Please note that although this book says volume 1 on the cover, it got canned due to sales not being high enough. It actually sold a lot, but not enough to make the greedy moneygrubbers at Marvel happy.
This one I found at my local library. After about 10 pages in, I began to question whether this was a new take on the X-Men, or a really elaborate practical joke. If not for the production values, I would simply assume that Marvel had released this on April Fool’s day just for the sole sake of pissing off comic book guys everywhere.
Alas, upon checking up online, this is not so. So Del Rey went out and made a shoujo Harem using the X-Men cast, and stripped everybody of any signs of masculinity. My first reaction to some characters was just “Wow… what have they done to you man?” This double true for Magneto (shown right) who is a physics teacher who likes to go on about Human rights and hangs around with the juvenile delinquents known as the “Hellfire club”

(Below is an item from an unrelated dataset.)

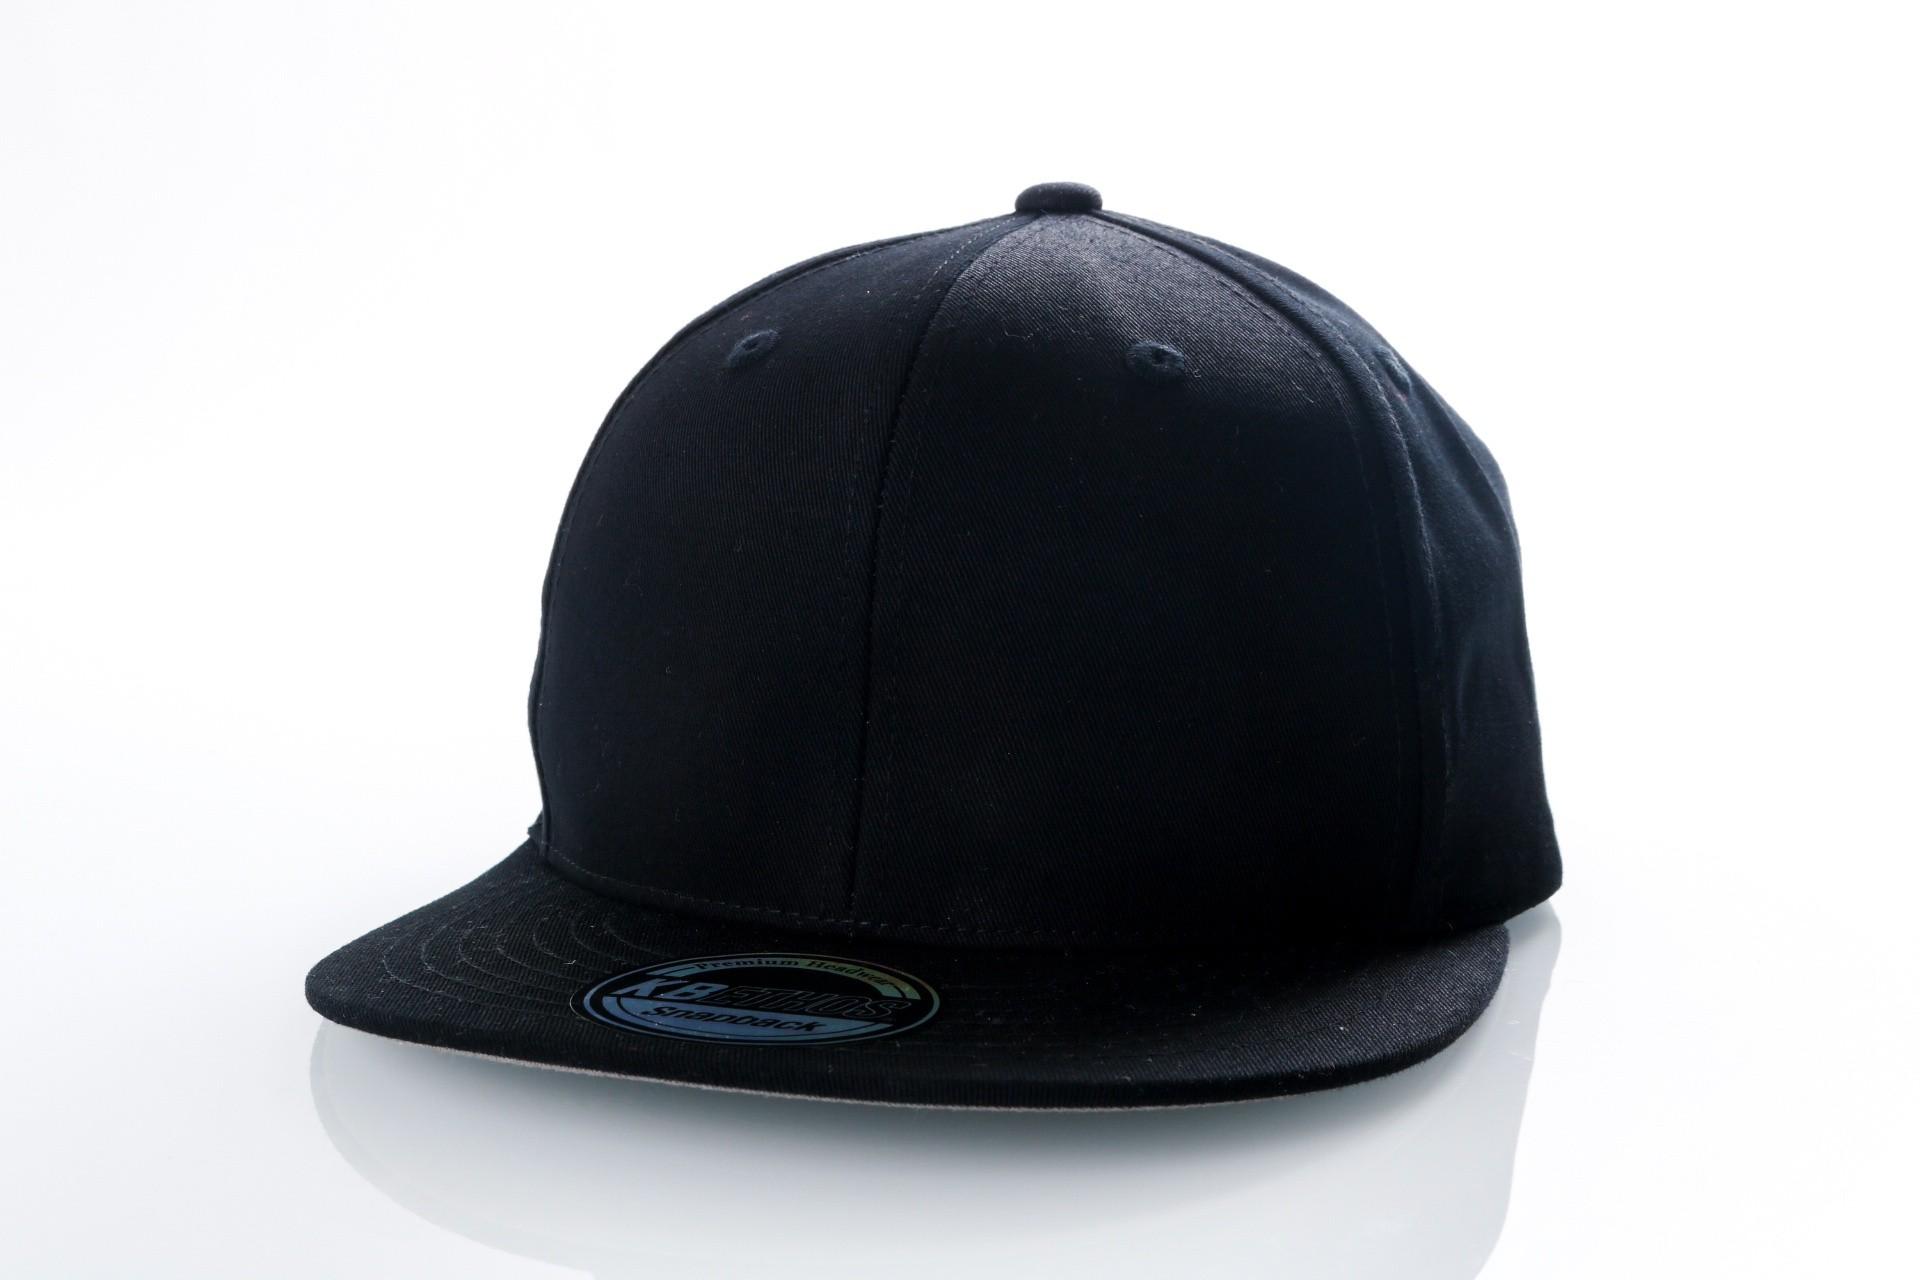 Foto van Ethos Basic snap KNW-1467 black KNW-1467 dad cap black

Before I discuss plot, it should be noted my familiarity with X-Men mythos extends to having seen the first X-men movie (loved it btw.) and a couple of O.K. comics I read at the library. Anyhoo, this book is about high school student Kitty Pryde and her getting transferred to a new school because she doesn’t seem to fit in at her old one. This is because a few people seem to have noticed that she has this weird ability to phase through objects. (although her skills are unrefined) This has garnered her the attention of a recruiter for Professor Xavier’s academy for “gifted” youngsters. Anyway, being a mutant has forced Kitty Pryde to be transferred to one of those rich kid schools where everybody wears a fancy uniform. Oh yeah, and she’s the only female student in the school. This garners her the attention of a whole bunch of incredibly pretty male students, such as Pyro, Angel, and Alex. I was about to gouge my eyes out from all of the bishounen. Oh yeah, she doesn’t get any attention from the Icy-demeanored Bobby (Iceman,) but seems to get along well with all of the other students. Furthermore, the book seems to focus more on the day-today life of the high school students, such as Kitty Pryde’s relationships and fitting in, with a small thing about mutant rights during the last chapter.

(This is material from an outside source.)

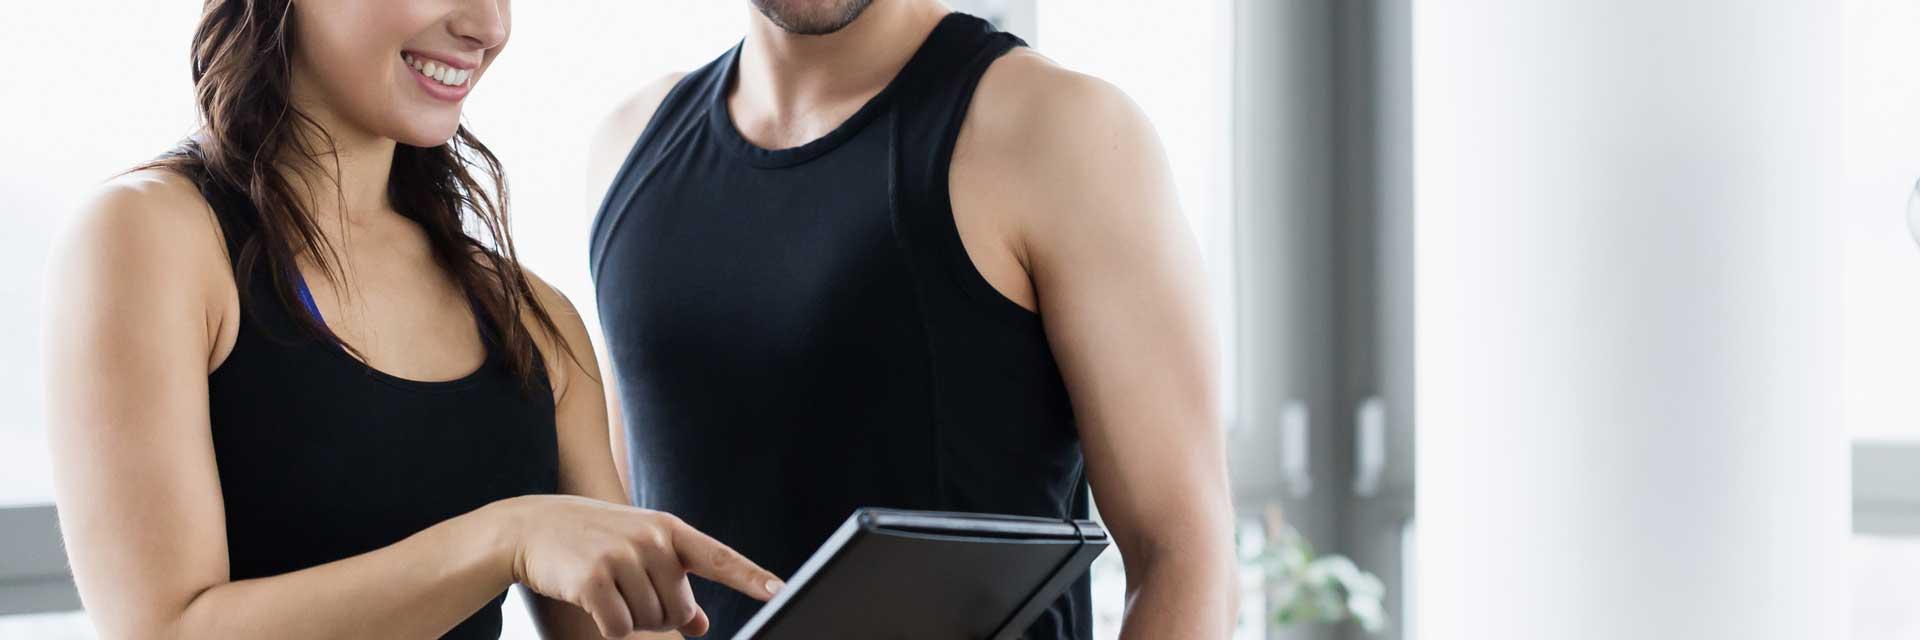 Hoe vaak moet je veranderen van trainingsschema? 4 voorwaarden!

Of course, the bishounen who irritated me the most was MAGNETO, the physics teacher. He generally looks too young to be the holocaust survivor he is in the comics, and just lacks that aura of badassery he seems to possess in almost any other representation.

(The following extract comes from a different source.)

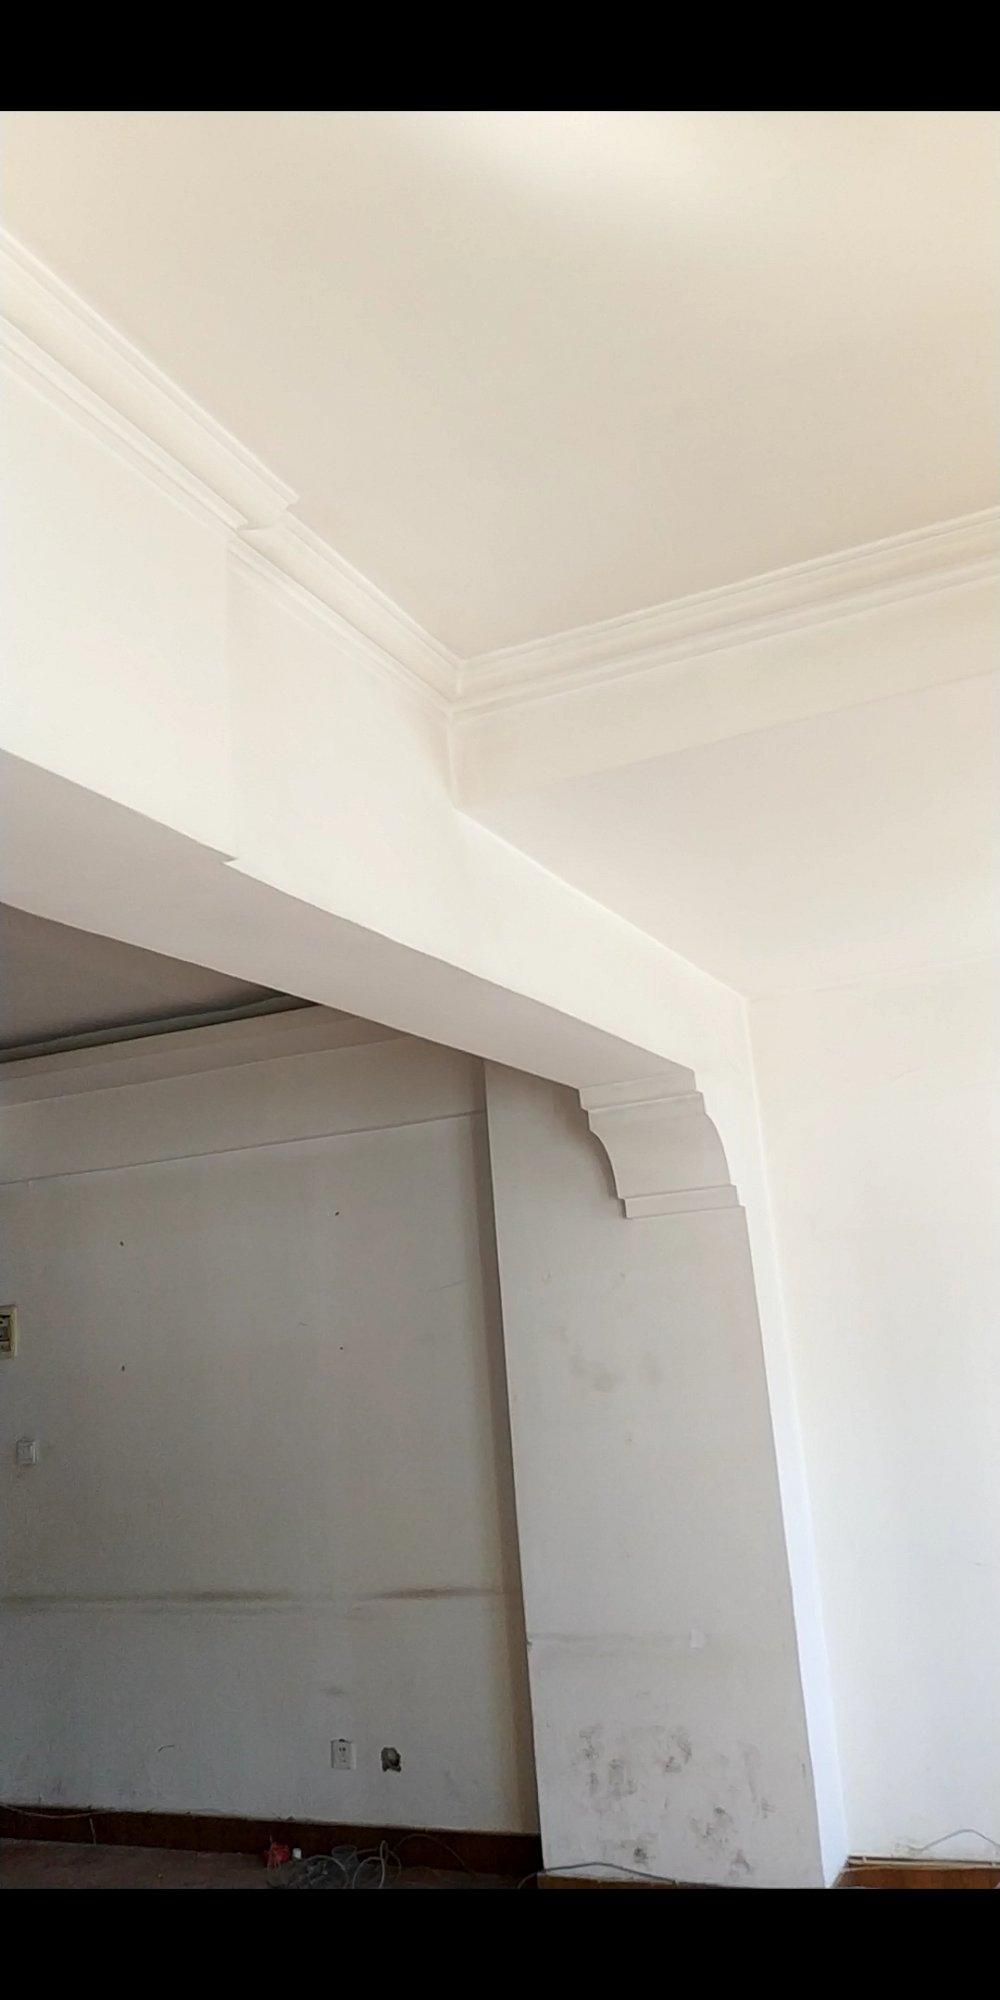 客厅里有大梁怎么解决?

This book does have its plus sides, aside from making me want to gouge my eyes out from all the bishounen. (Seriously, what about women like Ohno from Genshiken? She’d love it if they took the time to make Proffessor X and Magneto look like the masculine older men that they are) Due to generally throwing away all the old continuities, you never get that feeling of missing some details you get with the mainline X-Men, which lets you relax a bit. Furthermore, there is no sign of the rest of the Marvel universe, which makes me breathe a sigh of relief knowing that they can do what they want with the plot (if they went somewhere) The artwork has a lot of detail put in it, although I would greatly appreciate more character variation, and I would love it if some people managed to look a lot rougher. (This is a bit of an issue in Wolverine: Prodigal son, which I will be reviewing next, but they got character variation better there.) Unfortunately, there is no second volume to this plot, so all we have is an introduction to characters, which will never be fleshed out. Might be worth checking out if you’re into shoujo stuff, but since it wasn’t finished, I have an easier time recommending it to people if it continued, so it’s much easier to show to comic book guys to make them RAGE!